Sunday, December 17, 2006

Supply and Demand: Investing in Death

An article in today's New York Times describes the booming third party trade in life insurance policies (termed SPeculator INduced LIFE insurace, spin-life). Normally, life insurance works as follows, I buy a life insurance policy from an insurance company pay an annual premium until I decide to cancel the policy or die, at which time the insurance company would pay out to my heirs. It seems as though some elderly are cashing out their policies by selling them to third party investors. These investors are willing to pay a lump sum for the right to pay the annual premium and eventually receive the policy payout when the insuree dies. The insuree goes from A) paying an annual premium for a certain payment upon death to B) receiving a certain payment now.

This situation is confusing to me. Normally, I think of insurance as being actuarily unfair to the insuree. That is, on average, the insuree pays in more than he or she takes out. Otherwise, insurance companies wouldn't be profitable (See for instance this article in the LA Times) . Insurees take part in the transaction because they are unwilling to bear the risk. In return for decreasing their risk, they are willing to accept a lower expected payoff. Yet, now think of the situation described in the NYT article. Investors are willing to pay to to become the insuree! Are these third party investors telling us that life insurance is under priced? That, the expected pay out of a life insurance policy is higher than the expected cost? Are they risk seeking?

What are the implications of spin-life? Who benefits? Who loses? Insurance companies will be checking their calculations to make sure they aren't under-pricing their policies. It seems that as expected payouts from the life insurance policies go down due to lack of cancellations, the prices of life insurance are likely to rise. The biggest potential losers, in my view, are the regular consumers of life insurance, who are likely to face higher prices. Is there a need for government intervention? Are there other costs associated with strangers benefiting from the deaths of the elderly? I certainly have little sympathy for the insurance companies who claim they are being
taken advantage of. They are in the business of taking advantage. This time, it seems as though some others are just one step ahead of them.

5 comments:

shmuel said...

Although the investors are accepting the burden of future payments, they are not "paying to be the insuree" They make a cost-benefit analysis, using a combination of life expectancy reports and requirement of future payment, against the payout. The initial insuree will always be the insuree. They are paying to be the beneficiary.

Dick King said...

There are two cases where becoming the beneficiary and making the premium payments can be a good idea.

In level term insurance and whole life insurance, in return for overpaying near the beginning of the contract you get to underpay [but not by as much] near the end.

If your health takes a severe turn for the worse you can be underpaying given your then-current health. The canonical example of this is "viatical settlements" for AIDS patients who had gotten life insurance before they got sick in the early 1990s.

-dk

John Thacker said...

Yeah, it's clearly some kind of irrevocable contract with premiums fixed at the start like whole life insurance here. You don't absolutely need level premiums like in some insurance, you just need insurance whose premiums were fixed at the time of issuance. Once your health takes a turn for the worse, your expected value of the insurance policy should become positive.

(Note also that you've been paying in premiums for as long as the policy has been issued. Over the entire term of the policy, your expected value is negative, but starting for a certain point later, the expected value of the remainder can become positive at some point, particularly with whole life.)

meep said...

Here's something y'all may not know: some life insurance lines of business are lapse-supported, meaning that the fact that some people stop paying premiums and let the policy lapse means that you've got some policies that pay premiums and never pay a death benefit.

However, if some outside group comes in and pays premiums for people who would otherwise have let premium payments lapse...yes, the contracts are underpriced.

Another way they can be underpriced is if they're underwritten using variables that do not fully capture the mortality risk for the given insuree.

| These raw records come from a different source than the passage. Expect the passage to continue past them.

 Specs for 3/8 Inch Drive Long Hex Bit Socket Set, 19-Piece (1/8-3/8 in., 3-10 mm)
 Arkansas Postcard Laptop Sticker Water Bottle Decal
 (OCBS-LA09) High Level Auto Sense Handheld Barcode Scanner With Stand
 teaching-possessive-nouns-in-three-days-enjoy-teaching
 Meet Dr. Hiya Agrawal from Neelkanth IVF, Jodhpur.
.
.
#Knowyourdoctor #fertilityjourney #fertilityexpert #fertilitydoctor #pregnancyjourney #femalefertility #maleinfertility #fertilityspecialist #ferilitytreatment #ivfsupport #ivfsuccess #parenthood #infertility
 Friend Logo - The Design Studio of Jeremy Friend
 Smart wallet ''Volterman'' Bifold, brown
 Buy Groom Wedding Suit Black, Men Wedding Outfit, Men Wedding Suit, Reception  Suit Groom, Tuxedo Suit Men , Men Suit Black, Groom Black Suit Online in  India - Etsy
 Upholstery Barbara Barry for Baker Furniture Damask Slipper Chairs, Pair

The Gnome of Zurich said...

I don't where the insurance companies are being taken advantage of here. If it turns out they were mispricing the policies, they would find this out by doing a current actuarial analysis anyway, and probably already knew.

It's far more likely that speculators are taking advantage of the fact that insurance companies and policyholders are otherwise locked into a plan that doesn't make as much sense for one or the other now as when it was written.

If someone is in very poor health, much poorer than the IC expected them to be at this age when they wrote the policy, the insurance is worth much more to the policyholder. Of course, if the insurance company did it's analysis correctly, there will be other insureds whose policies are worth much *less*. Only those whose policies are worth more will be bought at par or above by speculators.

Other insureds may not have an above par value policy but have found that their circumstances have changed significantly. They may have decided on WL/UL in their 50s when they were fairly well-off to make sure their starving writer daughter would have a nest egg when they died. But then medical costs or poor investment performance has reduced their wealth greatly, and the starving writer wrote a bestseller or got a tenured academic job and doesn't need their money anymore. Now it might make sense to take a lump sum worth 80% of the PV of the contract to have some money now while they can still enjoy it.

I imagine that situations like this occur all the time. Not being able to sell your position to a speculator who prefers it when you no longer do is generally a deadweight loss (for those who would sell at the market price). It doesn't cost the insurance company anything for the insured to sell these.